The robot may comprise the data processing device.


The method may further comprise: when the first finding differs from the validation finding, transmitting at least part of the initial first sensor data to a data processing unit external to the robot.


The method may further comprise: when the first finding differs from the validation finding, transmitting at least part of the first sensor data to a data processing unit external to the robot.


That is, in embodiments of the present invention, the data is transmitted to an external data processing unit (e.g., a server) when the first finding differs from the validation finding, i.e., in case the first finding is a false finding (i.e., a false positive or a false negative finding). It will be understood that it may be particularly interesting to further analyze such false findings to be able to reduce such false findings for future measurements.

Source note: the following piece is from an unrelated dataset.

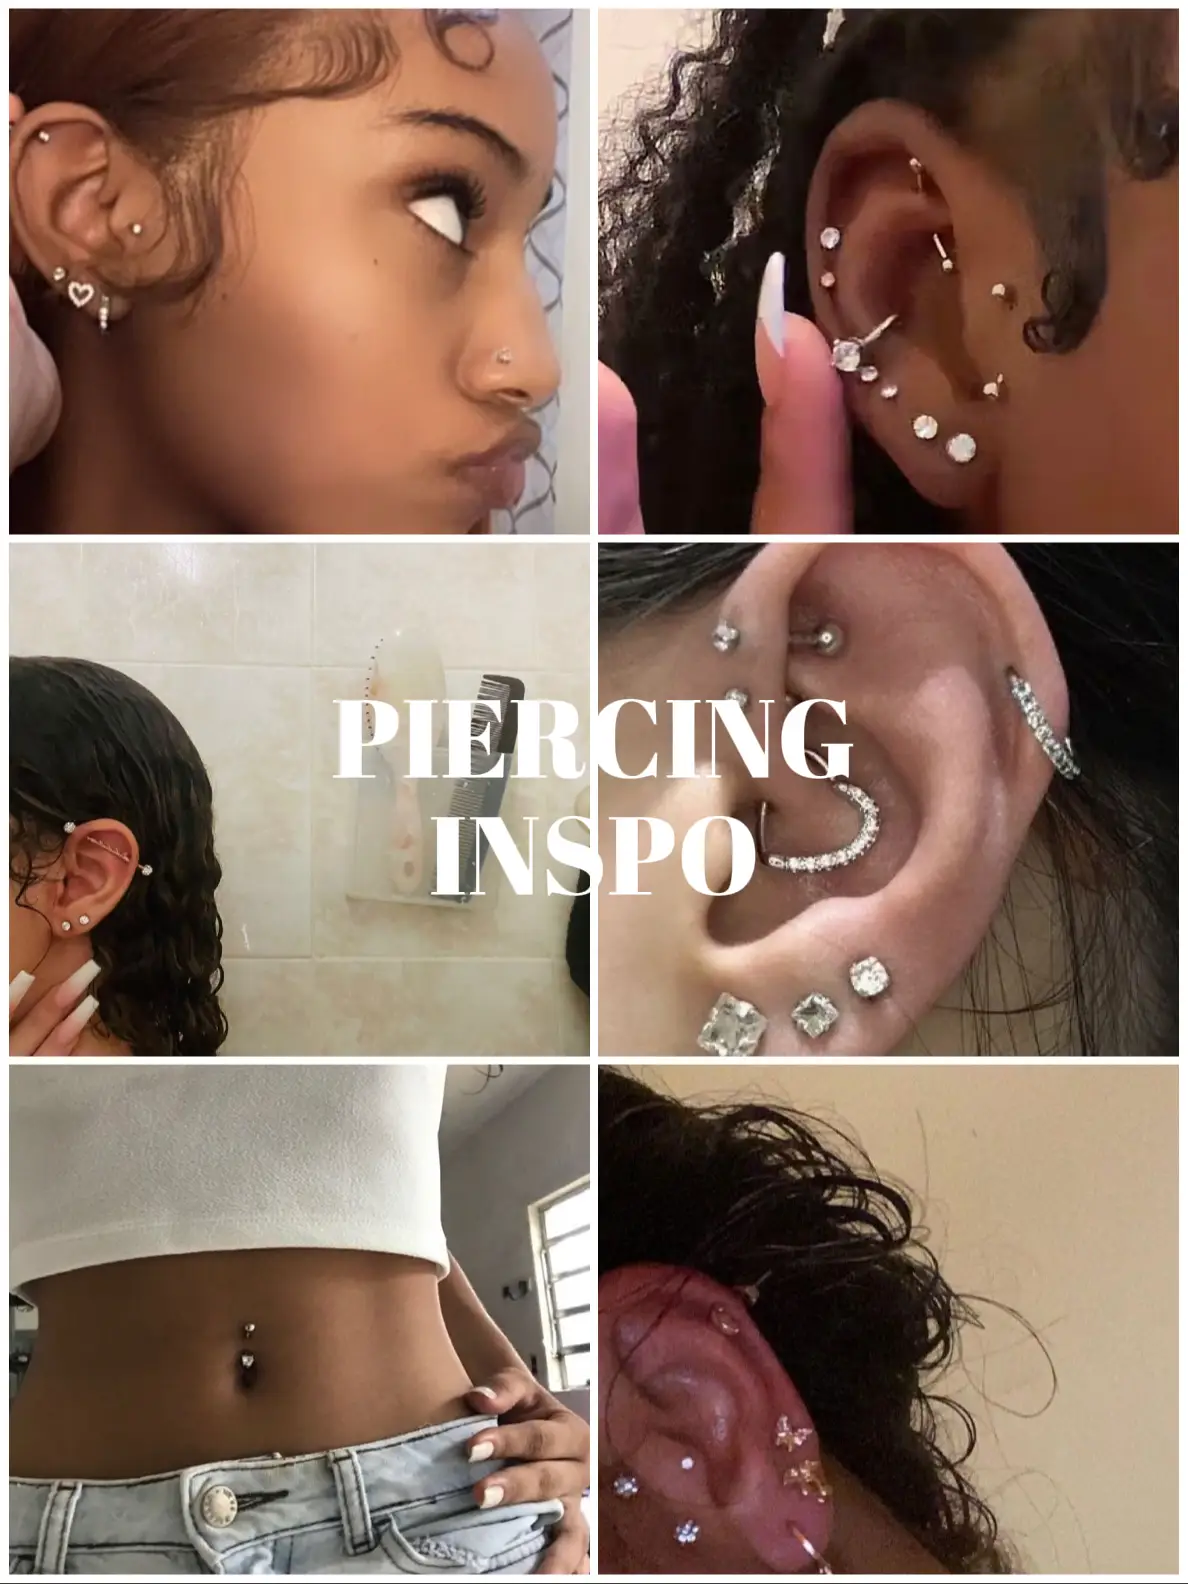 Trendy Cute Ear Piercing Ideas  Cool ear piercings, Pretty ear piercings,  Ear piercings

The method may comprise generating a plurality of validation findings.


The method may comprise generating a plurality of first findings and testing each of the plurality of the first findings based on a validation finding, and thus creating a plurality of test results.


The method may further comprise utilizing the test results to determine a detection performance of the robot.


That is, in particular by generating a plurality of first findings, and validation findings (which may also be referred to as second findings), and by testing each of the plurality of first findings with a respective validation finding (i.e., second finding), for each first finding, a validity can be determined, and thus a detection performance of the subject robot can be determined.


The method may comprise a plurality of robots driving in the environment, and each of the steps may be performed for each of the robots to thus determine a detection performance for each of the robots.


The method may further comprise comparing the detection performances of the robots to detect malfunctions.


The method may further comprise generating a safety score for the road based on the plurality of test results, wherein the safety score is preferably based on the percentage of false negatives within the test results.


That is, a plurality of the above defined tests may be performed for a road, and thus a track record for the road may be generated. For instance, a road where a large percentage of the tests (i.e., comparing the validation finding with the initial finding) yield that the initial findings are incorrect may be considered to be a relatively unsafe road, while a road where the validation findings most often corresponds to the initial findings may be considered to be a relatively safe road.


The safety score may be used to determine how a robot crosses the road.


Generally, it will be understood that the robot may cross a road with different degrees of automation. The robot may cross a road (a) automatically and autonomously, i.e., the robot determines when to cross the road and then crosses the road autonomously, (b) operator-triggered and autonomously, i.e., an operator (having access to sensor data, e.g., images) may trigger the crossing that is then performed autonomously by the robot, or (c) operator-controlled, i.e., an operator controls the robot during the complete process of crossing the street. Generally, the safer a road is considered, the more autonomous and automatic a crossing may be performed be the robot.


The method may further comprise determining a traffic density based on the validation findings.


The method may further comprise generating a dashboard of results of the method.


The method may further comprise obtaining additional validation sensor data from a sensor measurement at an additional validation observation time; wherein the validation finding is generated based on the validation sensor data and on the additional validation sensor data.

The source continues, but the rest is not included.